Całkiem miłe uczucie , błogie lenistwo ... (chyba cos nie tak hihi).
Osobiscie miałam uczucie jakby mi ktoś leciutko rozgrzanym zelazkiem przez 40 minut jeździł po brzuchu :)
Jasne , juz czytam komentarze(skad wiesz jak to jest miec gorace żelazko na brzuchu).
Uprzejmie informuję-NIE mam męża kata, ani konkubenta nawet :)
Mam za to cudny przycisk tuz za lewym uszkiem potocznie zwany WYOBRAŹNIĄ :)
Umiejscowienie dla zainteresowanych, którzy nie wiedza gdzie go umiejscowić i jak włączyć :)
Na pewno zabieg nie zaszkodził a byc moze coś da? ;)
Chwilowo mam do niego stosunek ambiwalentny ( w przeciwieństwie do Vacuum, które zdecydowanie polecam :)

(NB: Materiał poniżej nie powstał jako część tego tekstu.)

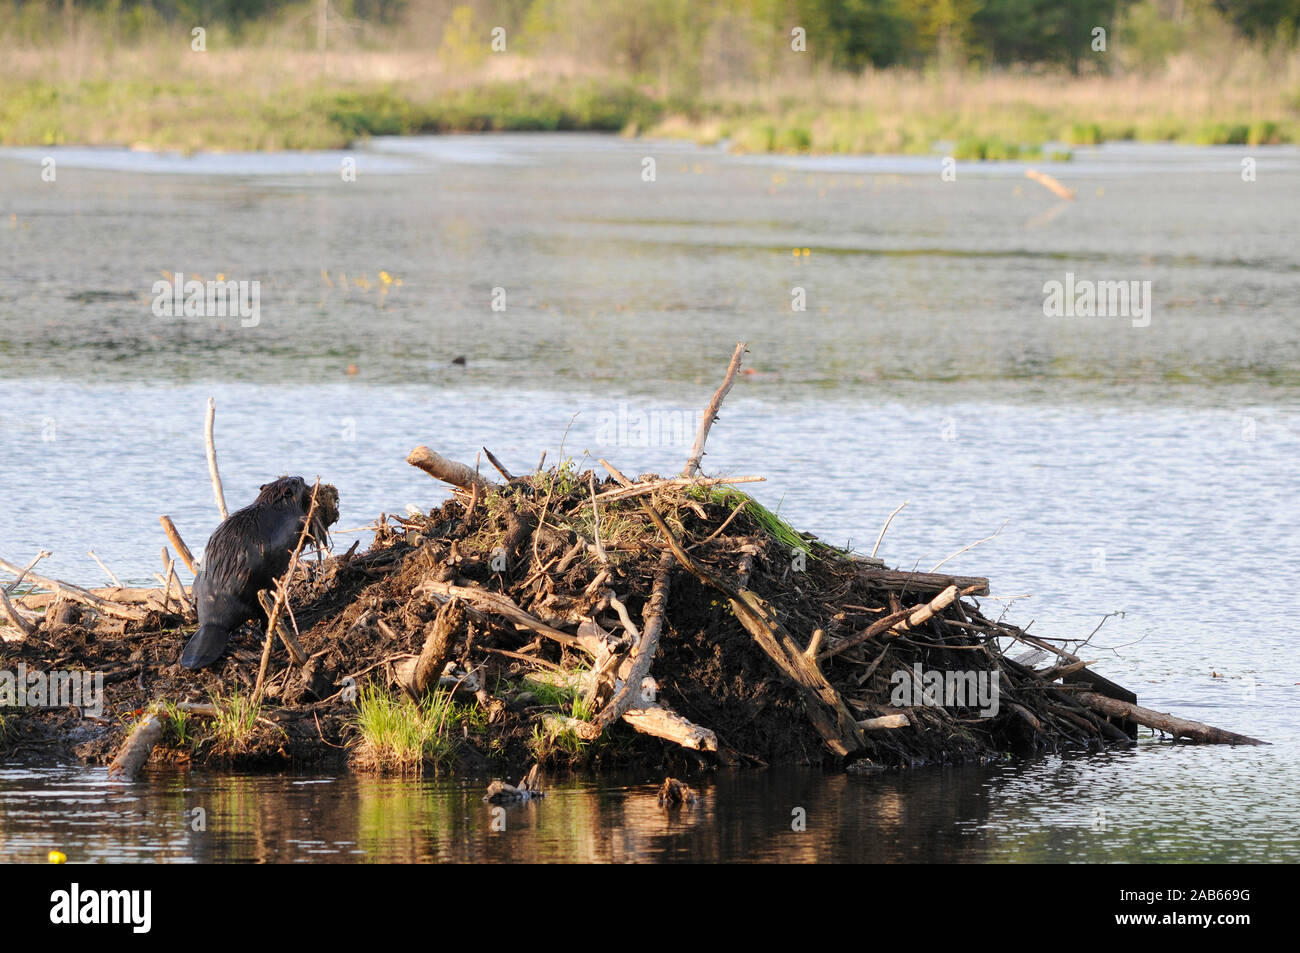 Beaver wild beaver building dam and den while exposing its body, head, eyes, ears, tail with a nice background  in its environment and surrounding. Stock Photo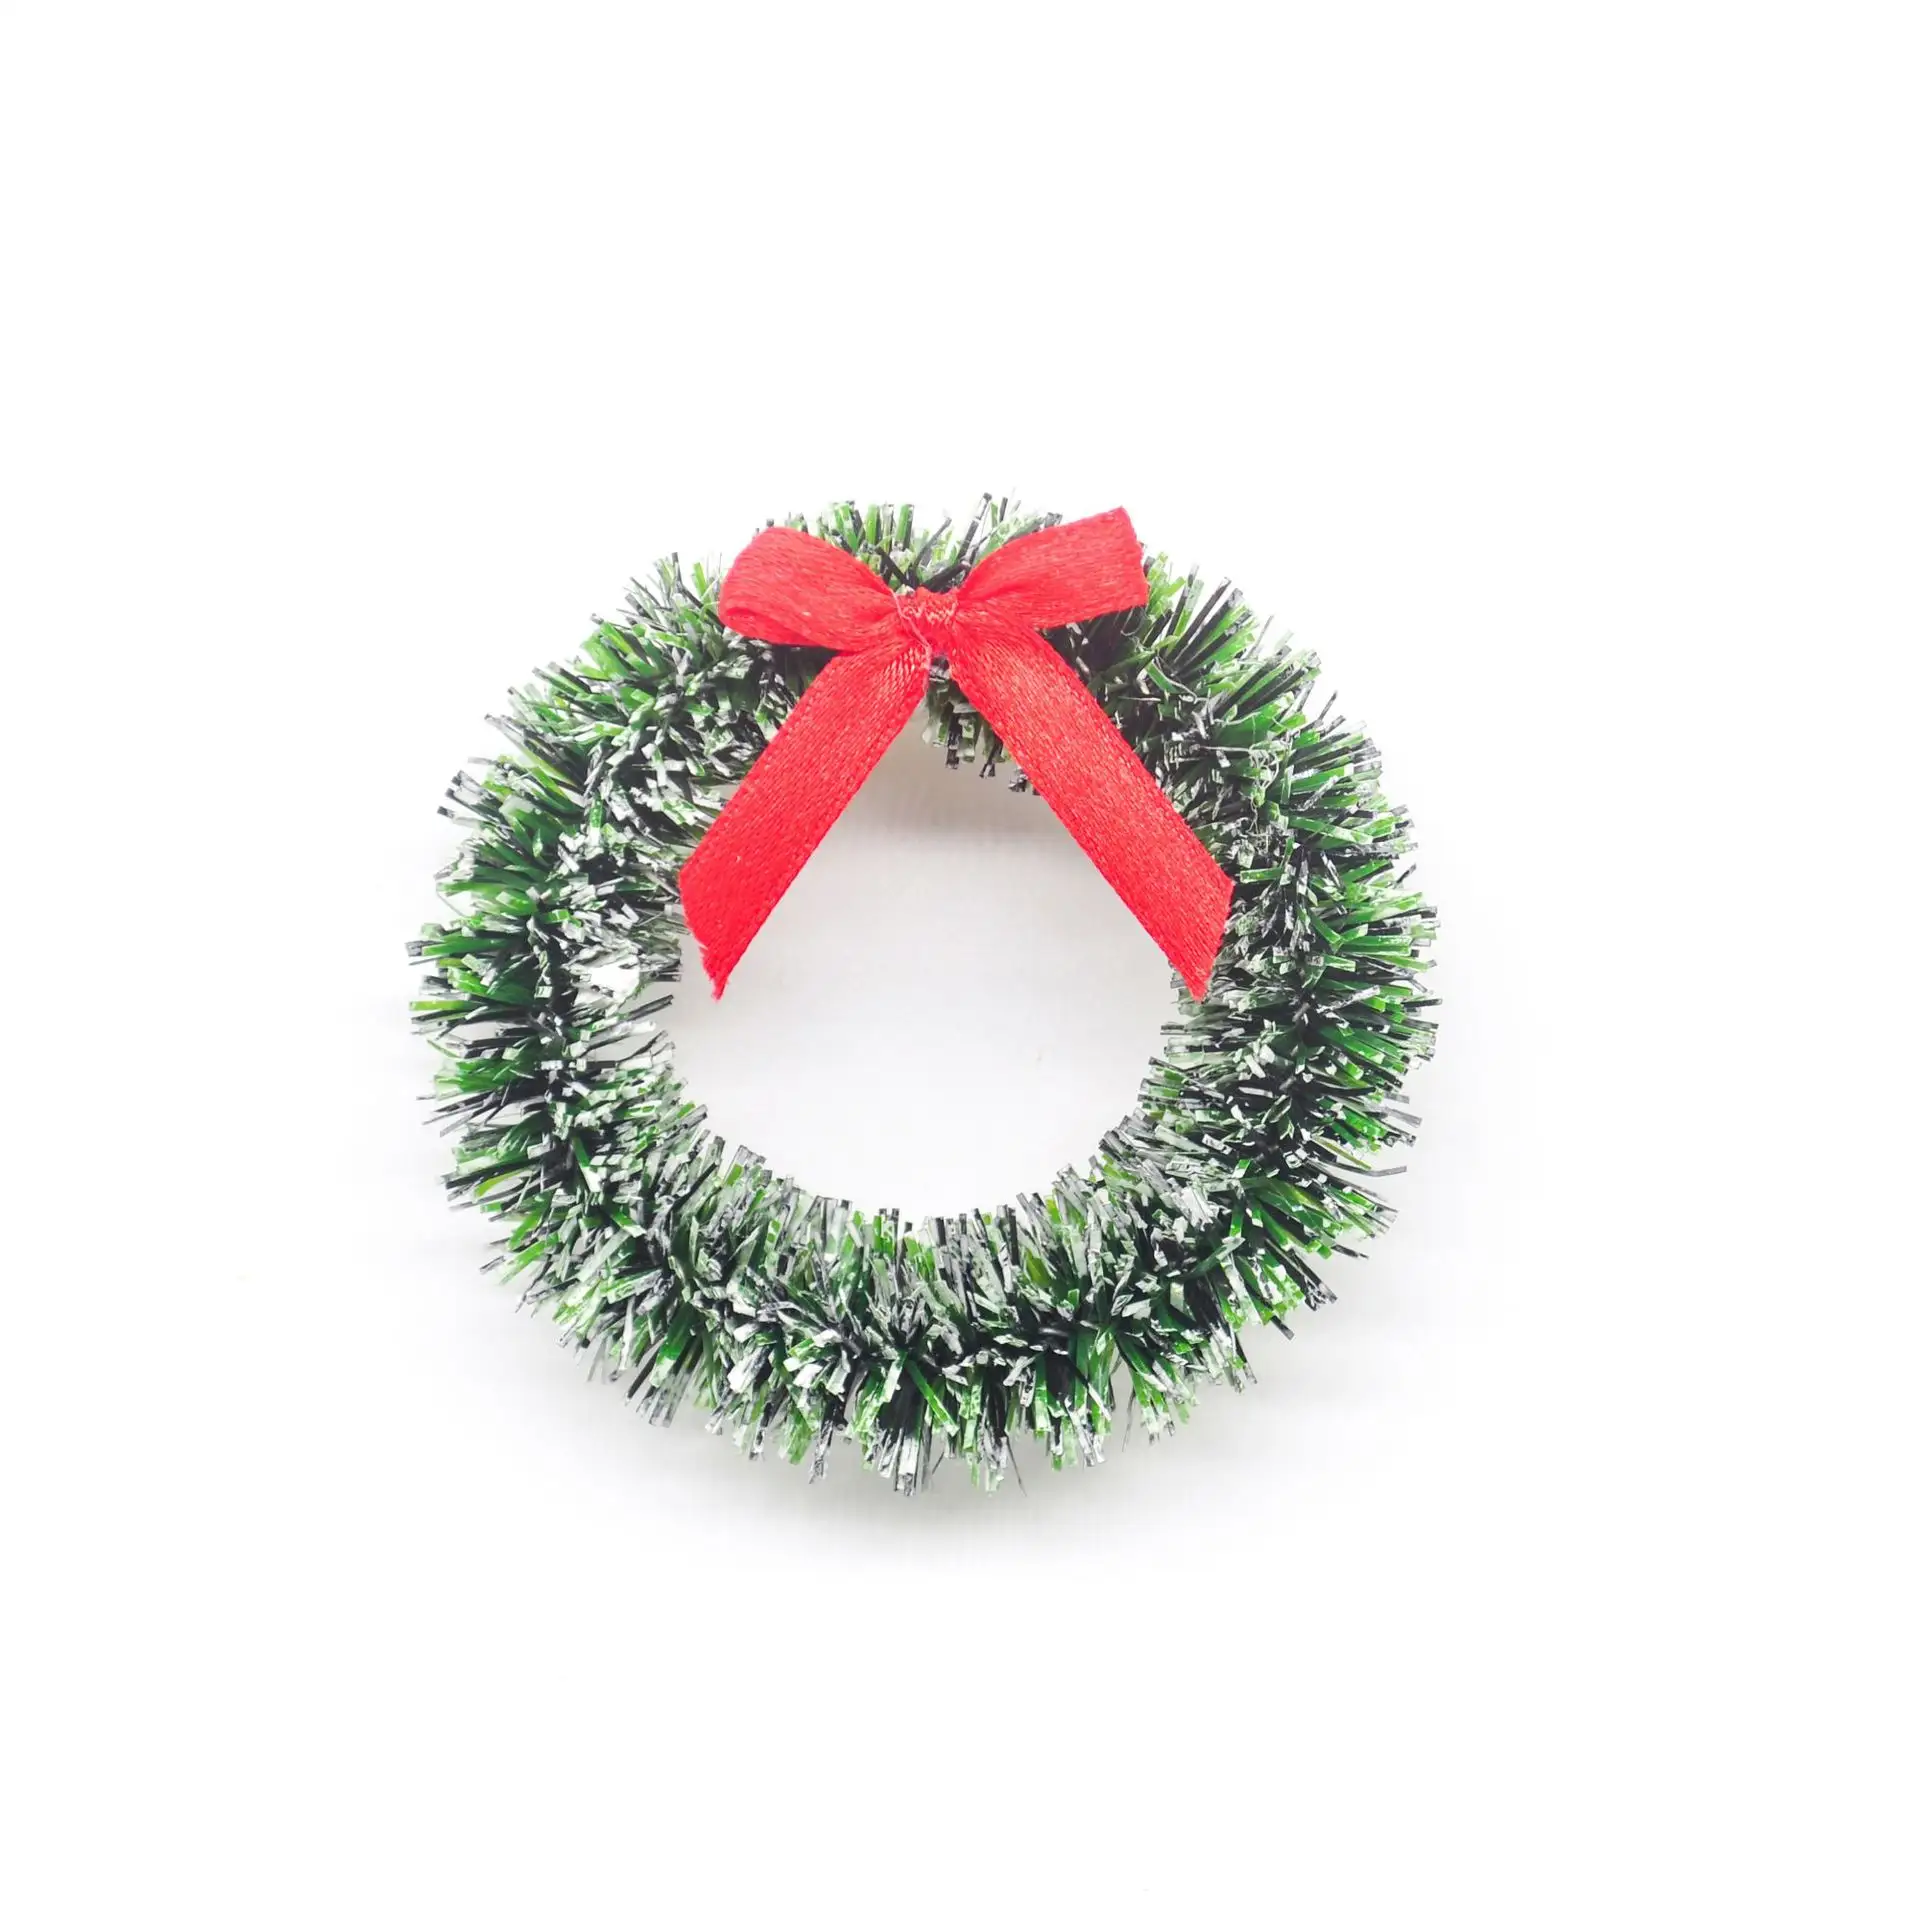 Wreath Christmas Mini Wreaths Rings Artificial Crafts Bowberry Decorations Door Hanging Wall Christmas Wreaths

Wczoraj kupiłam karnet na zajęcia z mozliwością założenia Slim Belly |(z którego oczywiscie skorzystam). Ma ktoś już jakies doświadczenia z tym pasem?
Uwagi mile widziane :)
elizabeth3777
22 lipca 2012, 10:49super ze wszystko udalo sie tak jak sobie zyczylas, ale trzeba mimo wszystko uwazac! zycze dalszych sukcesow w walce z kilogramami:))
MissMolly
21 lipca 2012, 18:57Nie masz obaw odnosnie skutkow ubocznych dzialania wysokiej temperatury na narzady wewnetrzne?Mam nadzieje, ze jest to bezpieczna metoda, bo o Vacuum slyszalam pozytywne opinie. Zycze oszalamiajacych efektow twoich zabiegow:-)))
Kumciaa
20 lipca 2012, 18:10Żelazkiem po brzuchu??;) może spróbuje w domu na własnym :D żarcik :) pozdrawiam :)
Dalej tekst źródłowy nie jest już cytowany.